The split isn't arbitrary. Each file maps to a feature boundary:

**`schema.ts`** -- core tables. This is the foundation that everything else references.

- `users` -- WorkOS user IDs as primary keys, roles (admin/office/field/client), optional `google_email` for Drive impersonation
- `organizations`, `organizationMembers` -- multi-tenant org structure
- `teams`, `teamMembers` -- teams within orgs
- `groups`, `groupMembers` -- cross-org permission groups
- `projects`, `projectMembers` -- the central domain entity
- `scheduleTasks`, `taskDependencies` -- Gantt chart data
- `workdayExceptions`, `scheduleBaselines` -- calendar and snapshot tracking
- `customers`, `vendors` -- CRM basics, with optional `netsuite_id` columns
- `feedback`, `feedbackInterviews` -- user feedback and UX research
- `agentConversations`, `agentMemories` -- chat persistence
- `slabMemories` -- persistent memory (preferences, workflows, facts, decisions)
- `pushTokens` -- native app push notification tokens

**`schema-netsuite.ts`** -- NetSuite integration tables.

- `netsuiteAuth` -- encrypted OAuth tokens
- `netsuiteSyncMetadata` -- per-record sync tracking (status, conflicts, retries)
- `netsuiteSyncLog` -- sync run history
- `invoices`, `vendorBills`, `payments`, `creditMemos` -- financial records that sync bidirectionally

**`schema-plugins.ts`** -- plugin/skills system.

- `plugins` -- installed plugin registry (name, source, capabilities, status)
- `pluginConfig` -- per-plugin key-value settings (supports encrypted values)
- `pluginEvents` -- audit log of installs, enables, disables

**`schema-agent.ts`** -- agent items (todos, notes, checklists created by the AI).
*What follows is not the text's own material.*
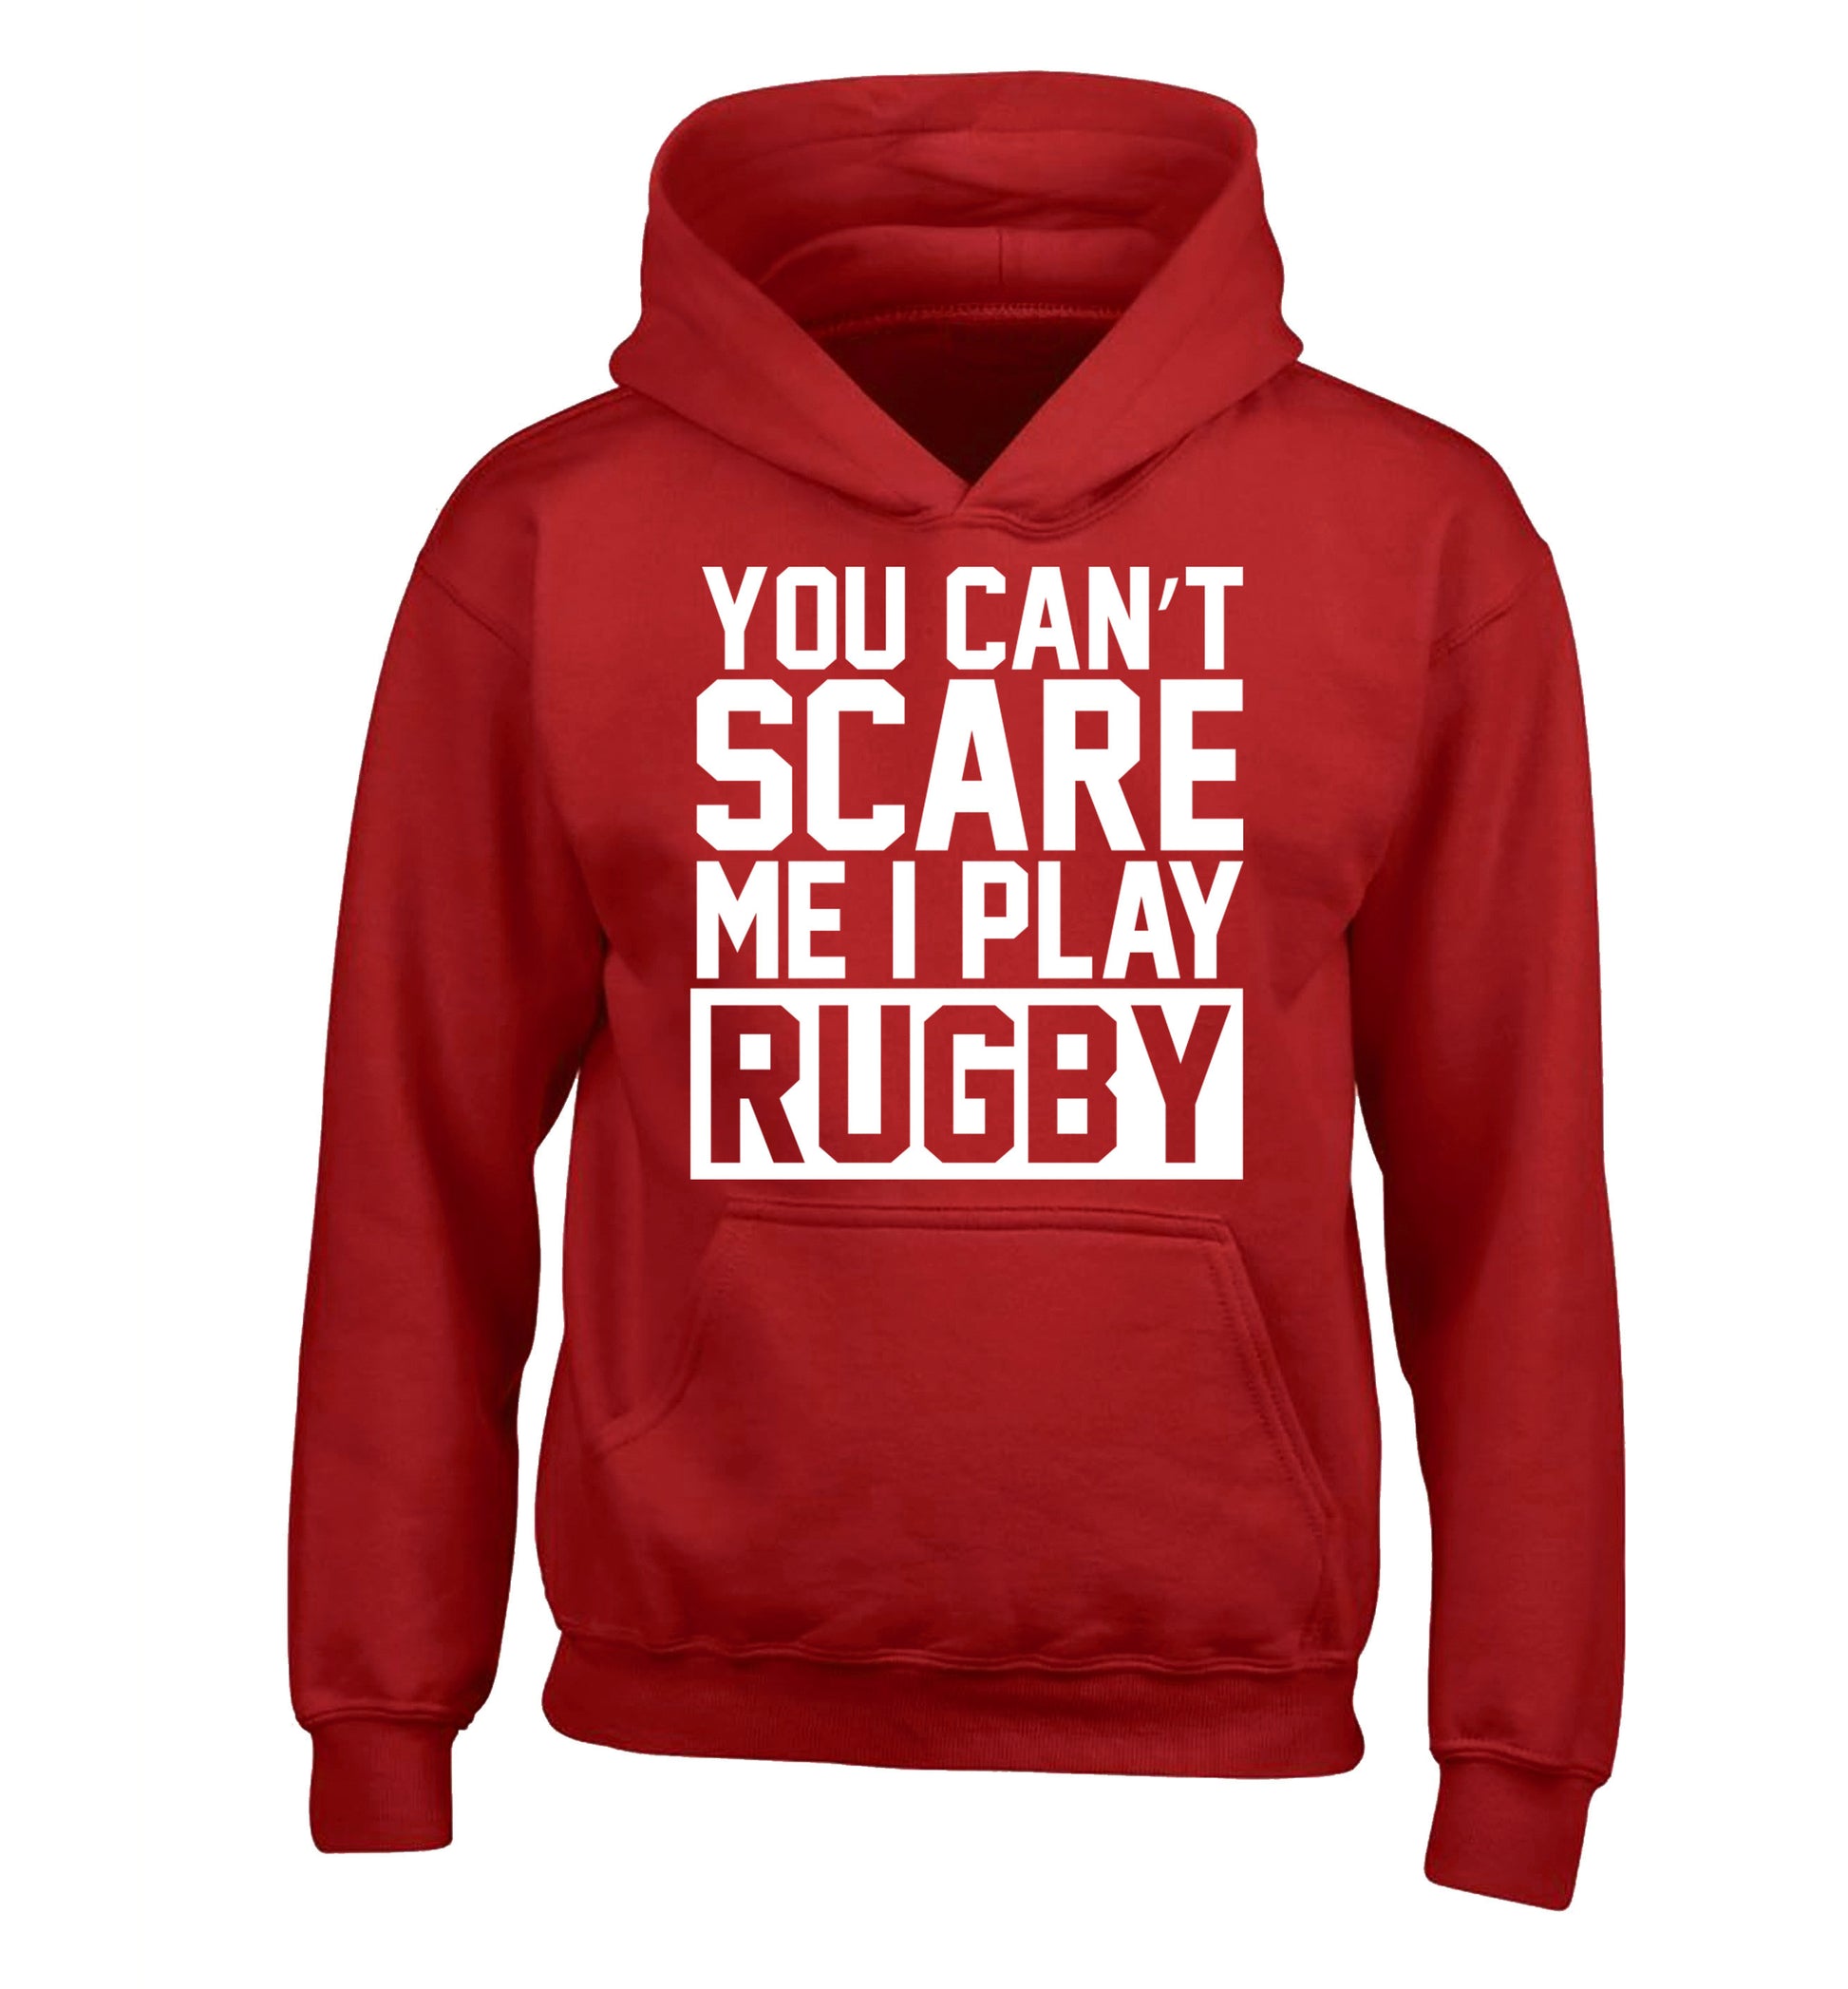 You can't scare me I play rugby children's red hoodie 12-14 Years

- `agentItems` -- type-polymorphic items with parent-child relationships

**`schema-ai-config.ts`** -- AI model configuration and usage tracking.

- `agentConfig` -- singleton config row (global model selection, cost ceiling)
- `userModelPreference` -- per-user model override
- `agentUsage` -- token counts and cost estimates per streamText invocation

**`schema-theme.ts`** -- visual themes.

- `customThemes` -- user-created themes (full oklch color maps stored as JSON)
- `userThemePreference` -- which theme each user has active

**`schema-google.ts`** -- Google Drive integration.

- `googleAuth` -- encrypted service account keys per organization
- `googleStarredFiles` -- per-user starred Drive files

**`schema-dashboards.ts`** -- agent-built custom dashboards.

- `customDashboards` -- saved dashboard specs (JSON), queries, and render prompts


design conventions
---

Every table follows the same patterns:

**Text IDs.** Primary keys are text columns containing UUIDs, generated via `crypto.randomUUID()` before insert. Not auto-increment integers. This avoids sequential ID exposure and works across distributed systems.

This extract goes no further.